Are your outliers corrupting your data variables so much that you have to mess with your data to interpret your distributions? Why not leave your data where it is and look at the documentation of the boxplot function to just show you only what you want to see which is everything except the outliers which are the dots on R's boxplot function? I could see outliers corrupting the mean. But the black line which a boxplot shows is the median, and it should not be so easily corrupted by outliers.
you can see a few outliers here:
boxplot(airquality$Ozone ~ airquality$Month)
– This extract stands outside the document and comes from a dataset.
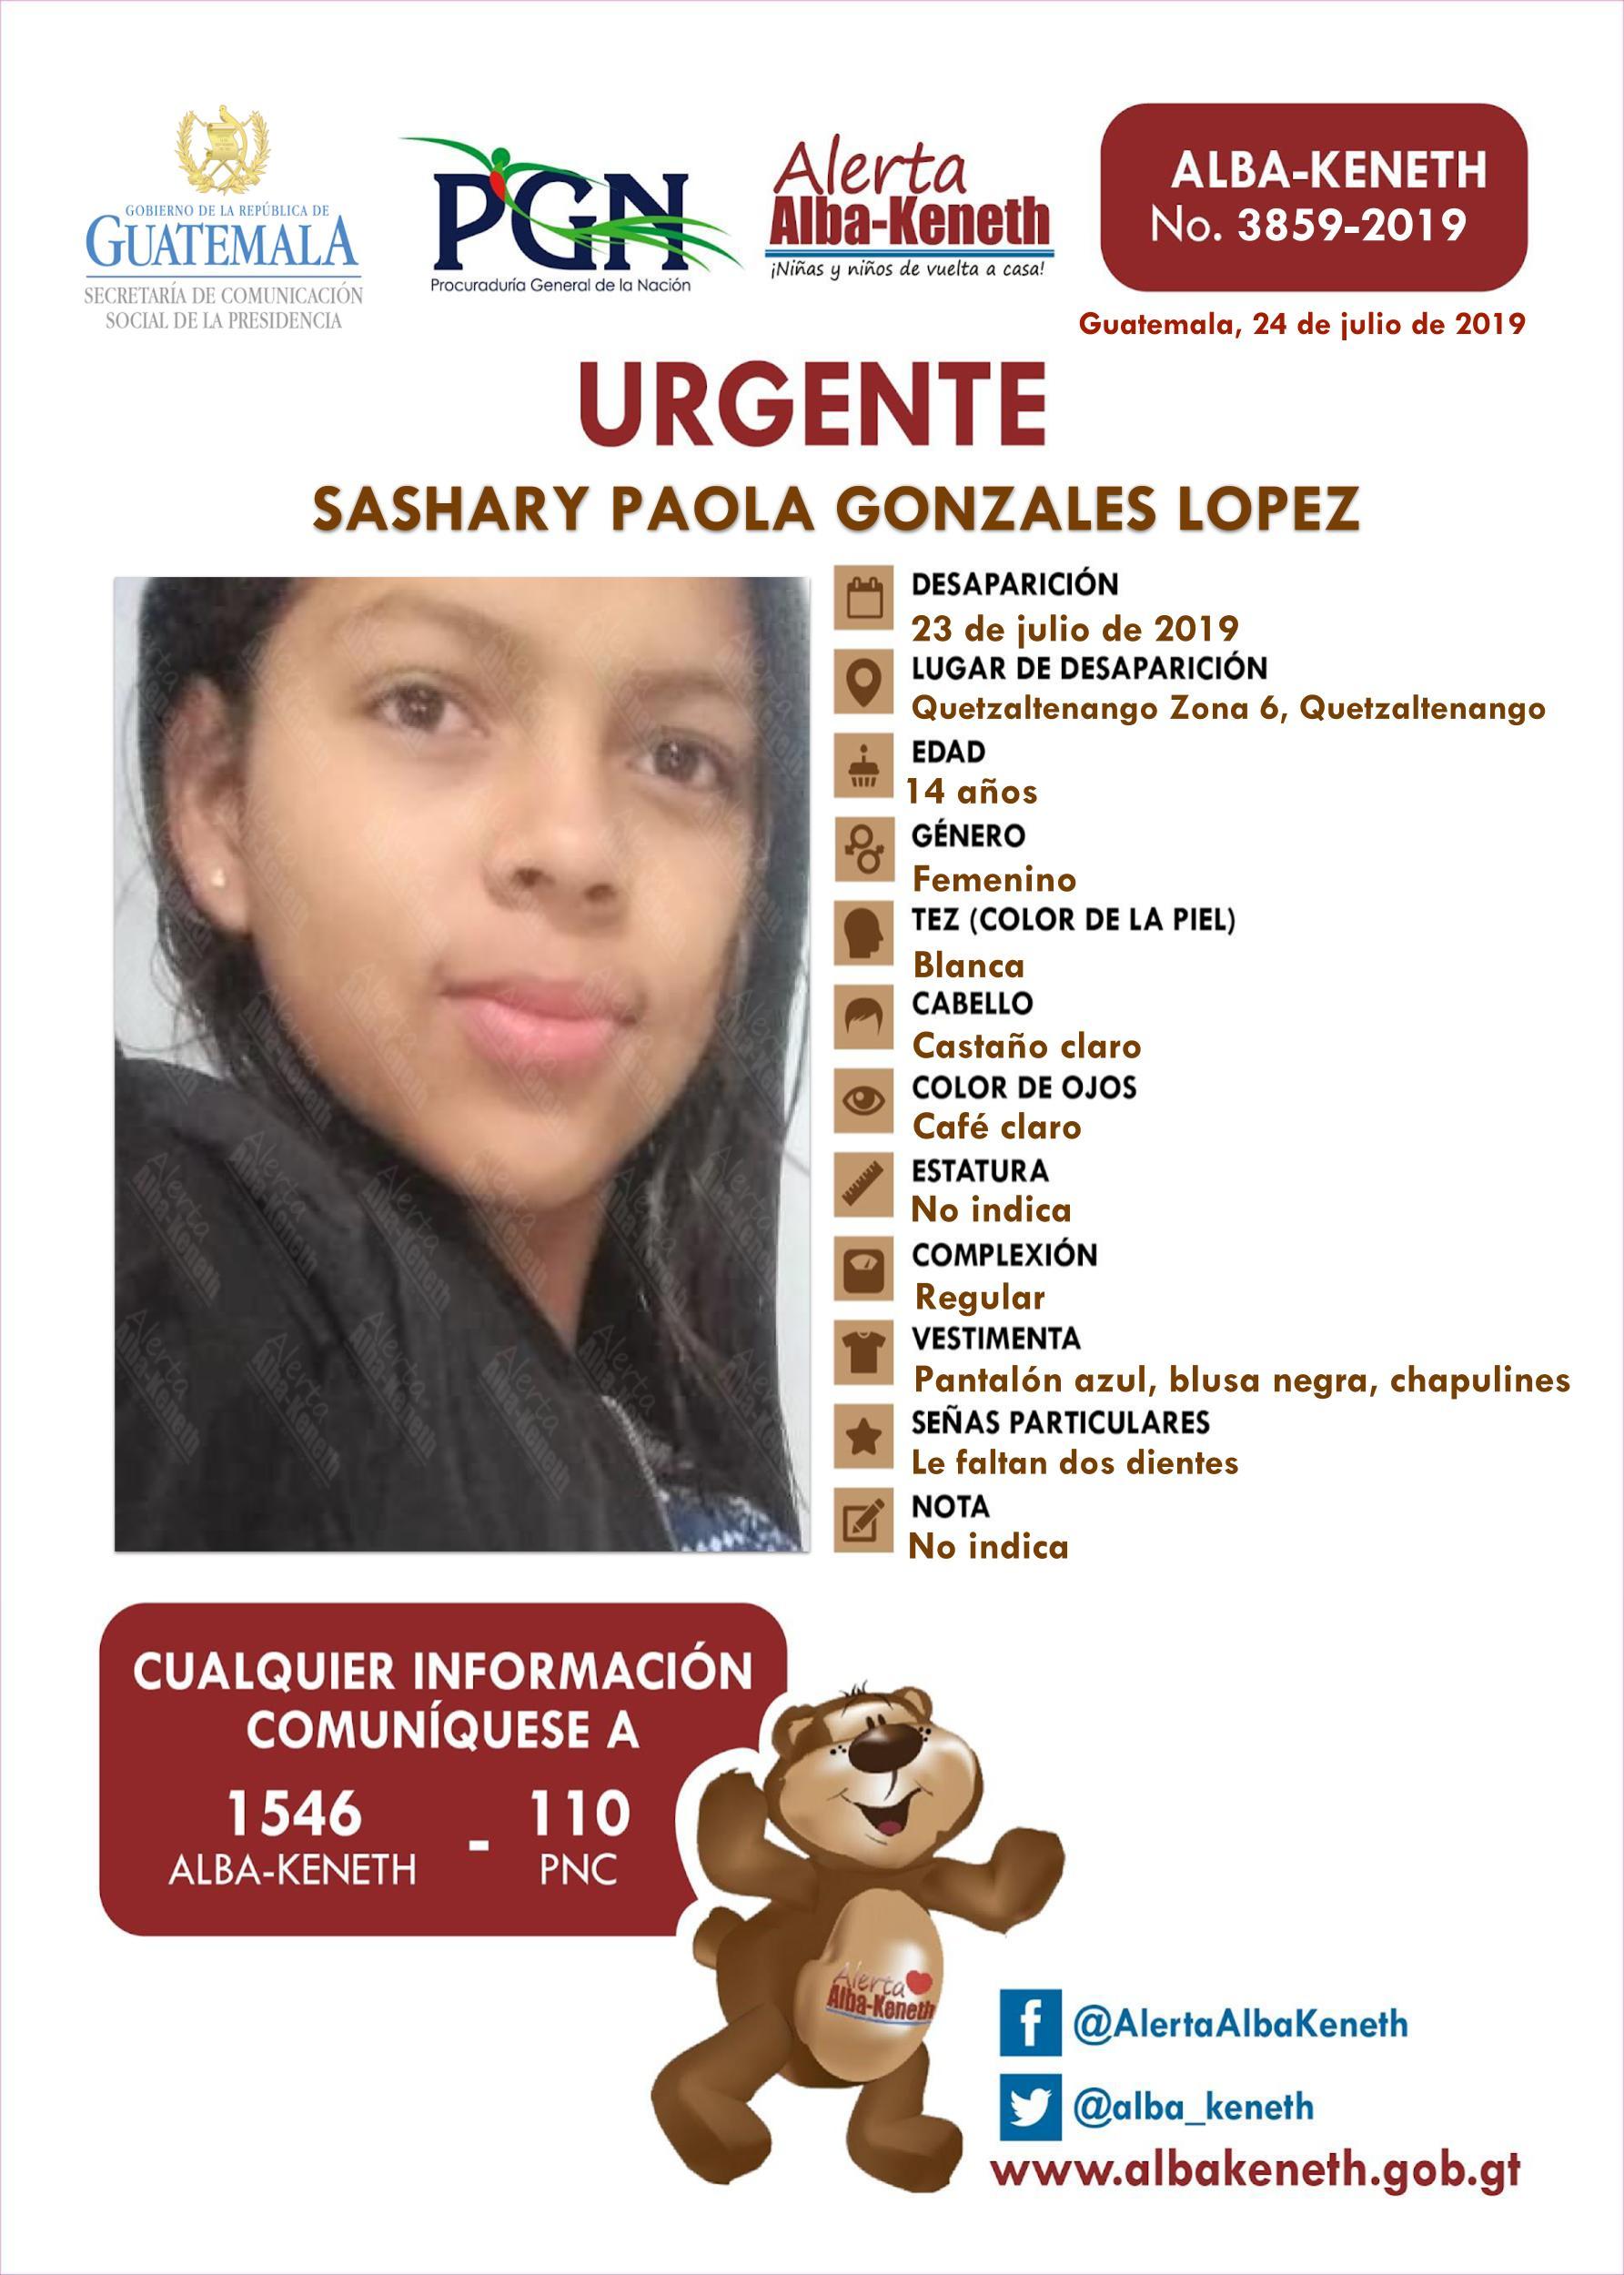 Sashary Paola Gonzales Lopez

I wonder how I make a boxplot without outliers? How about I look at the documentation?
?boxplot
boxplot(airquality$Ozone ~ airquality$Month, outline = FALSE)
What do you know? The outliers aren't there anymore. By default outliers show when outline is true. So you change it to false and they don't show.
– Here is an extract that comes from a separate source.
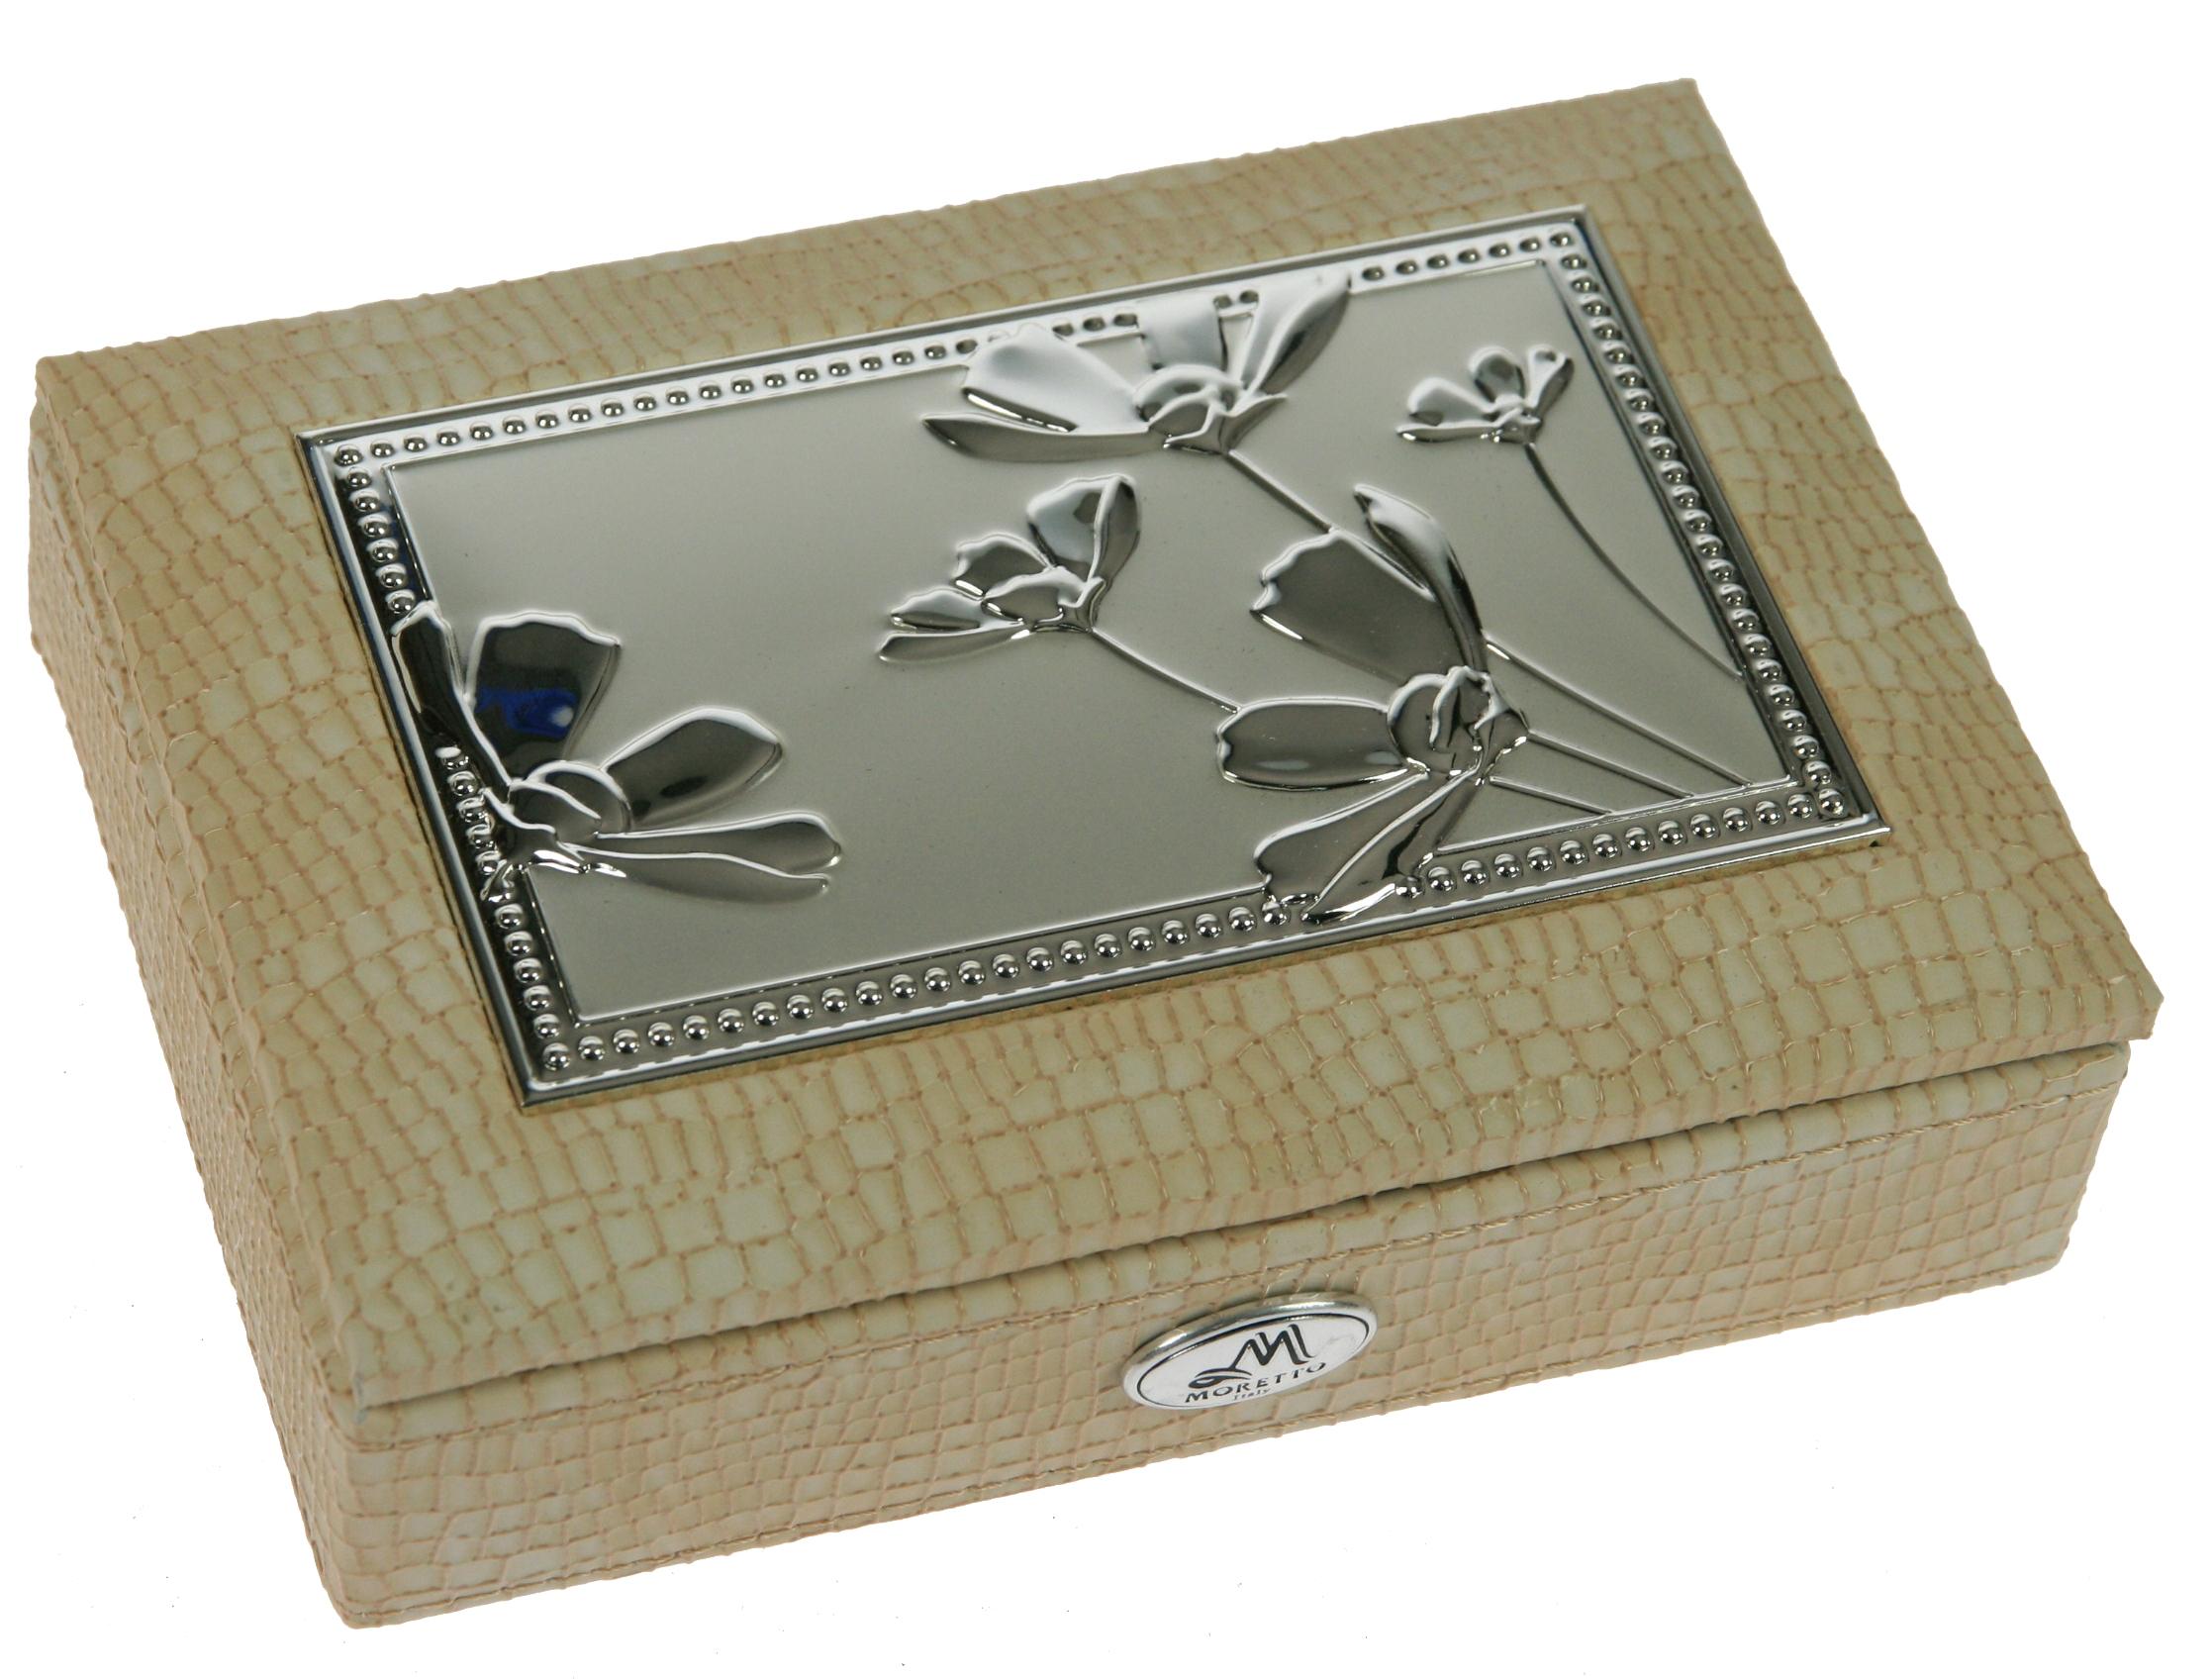 Шкатулка для ювелирных украшений Moretto, 18 х 13 х 5 см. 39943 шкатулка фоторамка ювелирная moretto 24 х 19 х 5 см 139555

If you want to do the same for your data just ...
boxplot(xf$V1, id.method="y", outline = FALSE)
If I want to remove some outliers from a column of this airquality dataframe.
View(airquality)
Then I can remove the outliers from the Ozone column like so ...
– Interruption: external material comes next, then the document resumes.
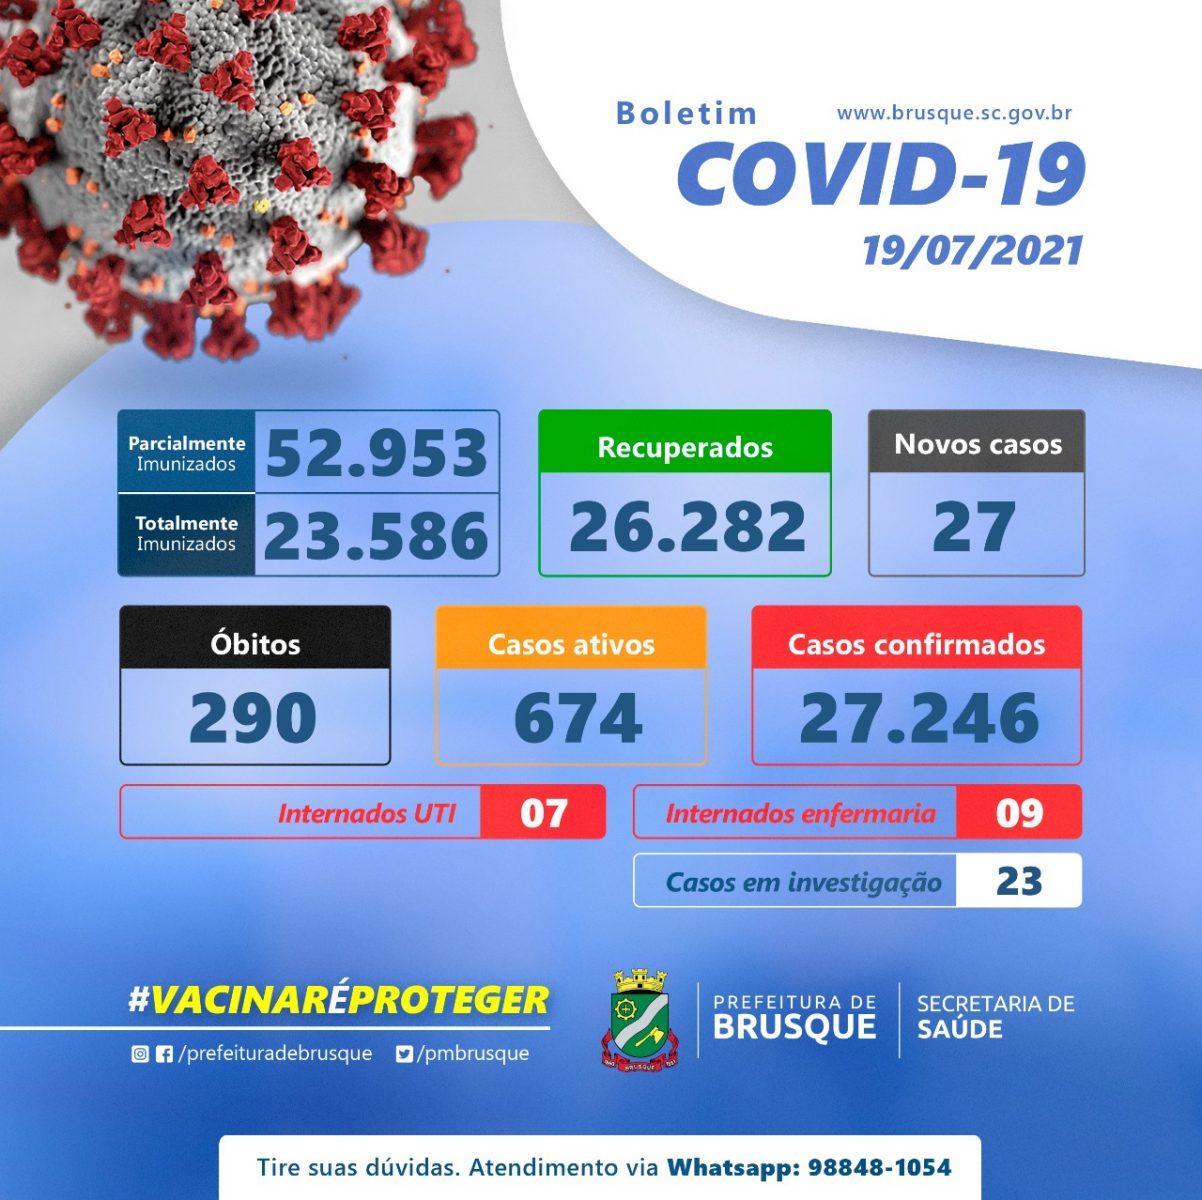 Covid-19: Confira o boletim epidemiológico desta segunda-feira (19)

ozone <- boxplot(airquality$Ozone, outline = FALSE, plot = FALSE)
Let's see what we can take from here variable-wise. The outlier points of the ozone column from the airquality dataframe are in $out, so we just do this.
To show the outliers in ozone just do this.
intersect(airquality$Ozone, ozone$out)
To show everything else in ozone just do this.
setdiff(airquality$Ozone, ozone$out)
I can pass this right to the boxplot function without specifying outline = FALSE, and I get the boxplot without the two outlier points.
boxplot(setdiff(airquality$Ozone, ozone$out))
If you want to readjust all your data, I would try tampering it. In my case I'm tampering with a dataframe which is called airquality.
tamper <- apply(airquality, 2, FUN = boxplot)
See all the things you can tamper with.
tamper$
tamper$Ozone
tamper$Ozone$out
It might take the for loop to tamper all the outliers (out) out.
But I have them all in one variable.
Now you can see the outliers in all the 6 columns of airquality. As you can see there are only two columns 1 (Ozone) and 3 (Wind) with outliers, and it shows them.
for(i in 1:length(tamper)){print(tamper[[i]]$out)}
[1] 135 168
numeric(0)
[1] 20.1 18.4 20.7
numeric(0)
numeric(0)
numeric(0)